Table 4 Values of methane-specific production rate (mLCH4/gVS/d) computed on the basis of BMP trials performed on untreated, enzymatic, alkaline and combined alkaline-enzymatic pretreated ensiled sorghum forage, according to the Baranyi and Roberts model (coefficient of determination—R2 also reported) and methane production increase (calculated on final values)
Full size table

It is noteworthy that in the first 12 days the combined alkaline-enzymatic pretreated sample showed the lowest specific methane production rate. This is probably due to the presence of by-products released during the pretreatment phase that led to the necessity of adapting the microbial inoculum during BMP tests. These molecules cannot be related to phenols that are usually formed during alkaline treatments, or to furfurals, formed when high temperatures and low pH are reached [15]. Further researches are needed to identify the nature and concentration of these compounds.

Considering the final methane production achieved, 362 versus 343 NmLCH4/g VS, the performance of a combined alkaline-enzymatic pretreatment, compared with the sole alkaline, needs to be further investigated above all taking into account the cost of commercial enzymes.

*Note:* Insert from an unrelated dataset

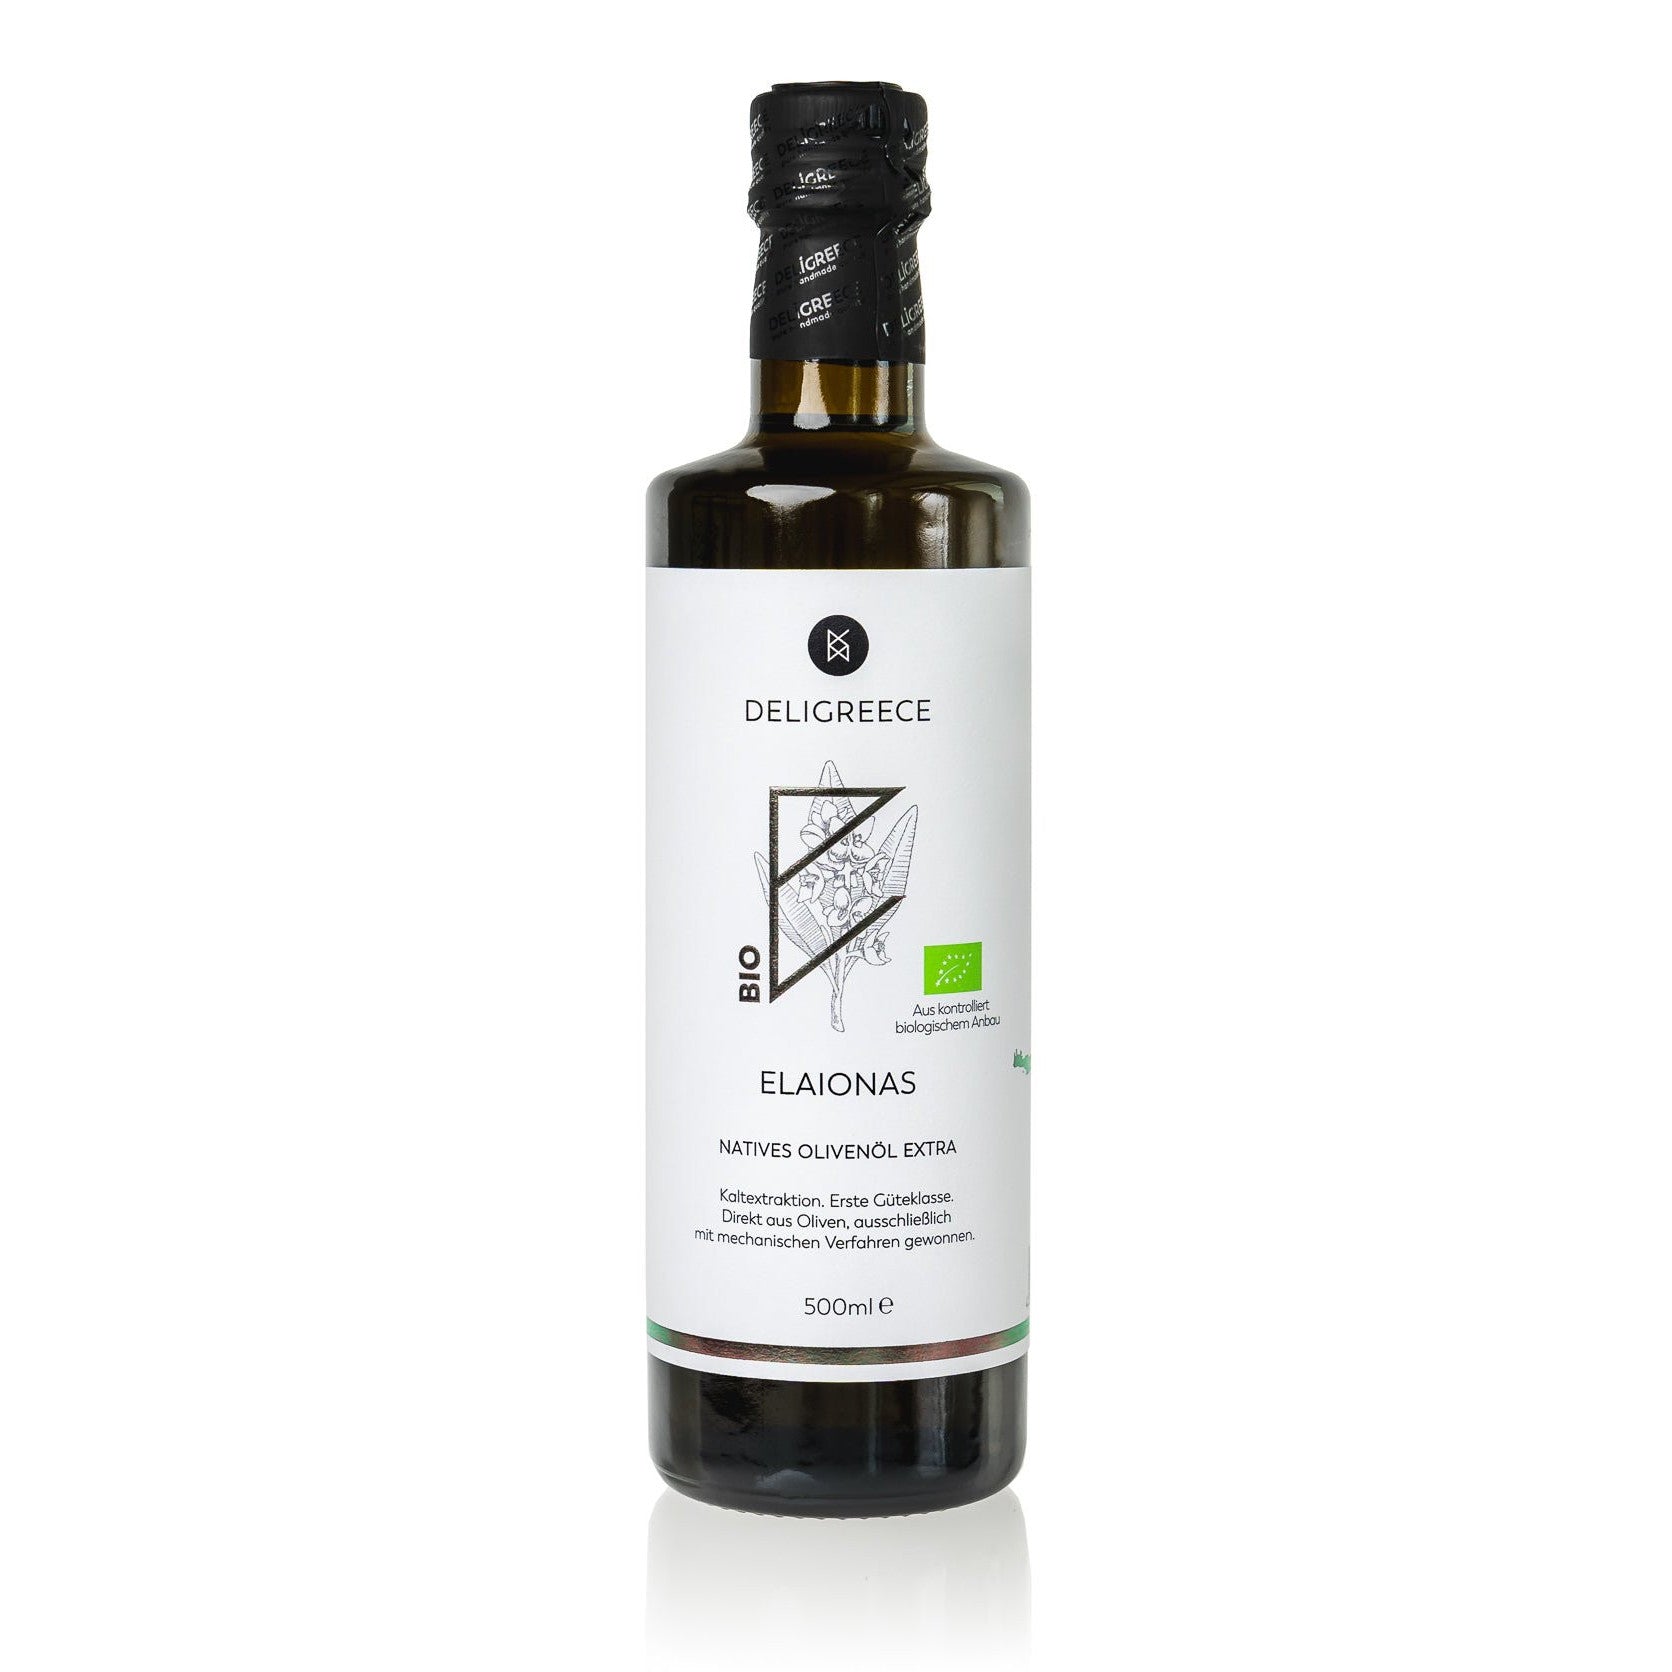 Deligreece Elaionas BIO natives Olivenöl extra (0,5l) - Gourmet Markt - Deligreece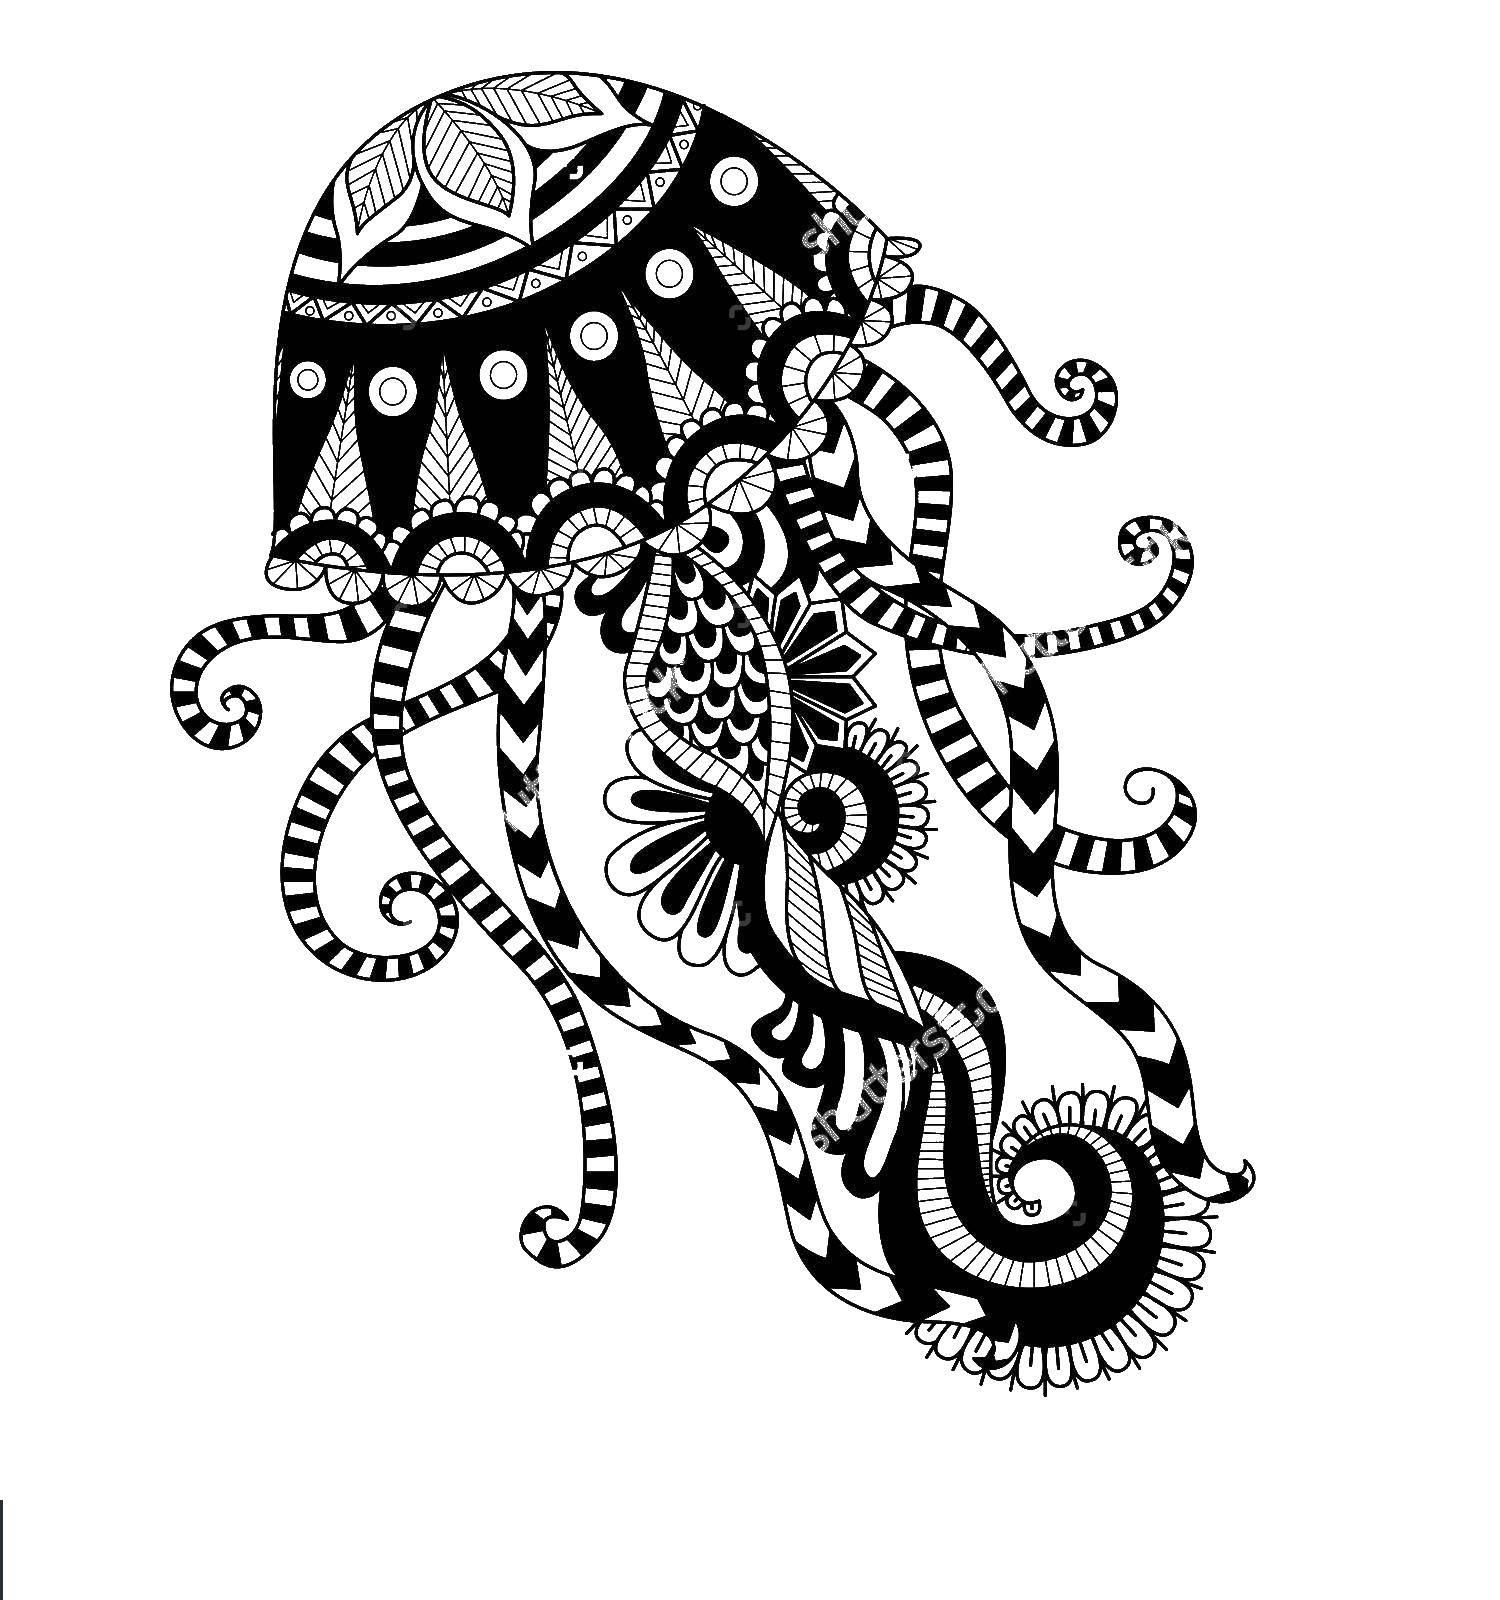 Название: Раскраска Узорная медуза. Категория: Морские обитатели. Теги: Подводный мир, медуза.

In summary, the applied pretreatments led to an increase of either methane production and specific production rate compared to untreated sorghum, suggesting that enzymatic pretreatment of a lignocellulosic substrate may facilitate the hydrolytic activity of the microbial population present in sludge samples.

Conclusions

Four commercial enzymatic preparations were tested on alkaline-pretreated ensiled sorghum forage, to increase its methane production potential. The highest sugar release was found with Primafast and BGL preparations, with a total monomeric content of 12 and 6.5 g/L, respectively. Fibre composition analysis confirmed that combined alkaline-enzymatic pretreatment led to cellulose (up to 32 %) and hemicellulose (up to 56 %) solubilisation compared to enzymatic pretreatment alone. BMP tests were performed on both untreated and pretreated samples, and time courses of methane production were fitted. Both enzymatic and combined alkaline-enzymatic pretreatment led to a methane production increase, compared to that of untreated sorghum (+15 and  +37 %, respectively). Higher specific methane production rates, compared to that of untreated sorghum (20.31 mL CH4/g VS/d), were obtained by applying the enzymatic and combined alkaline-enzymatic pretreatment (33.94 and 31.65 mL CH4/g VS/d), respectively.

The reported research will pave the way to the application of combined chemo-biological pretreatments to increase the methane production potential of sorghum; nevertheless, the influence of the molecules released during the hydrolytic step on the metabolism of the microbial population present in sludge samples needs to be further investigated.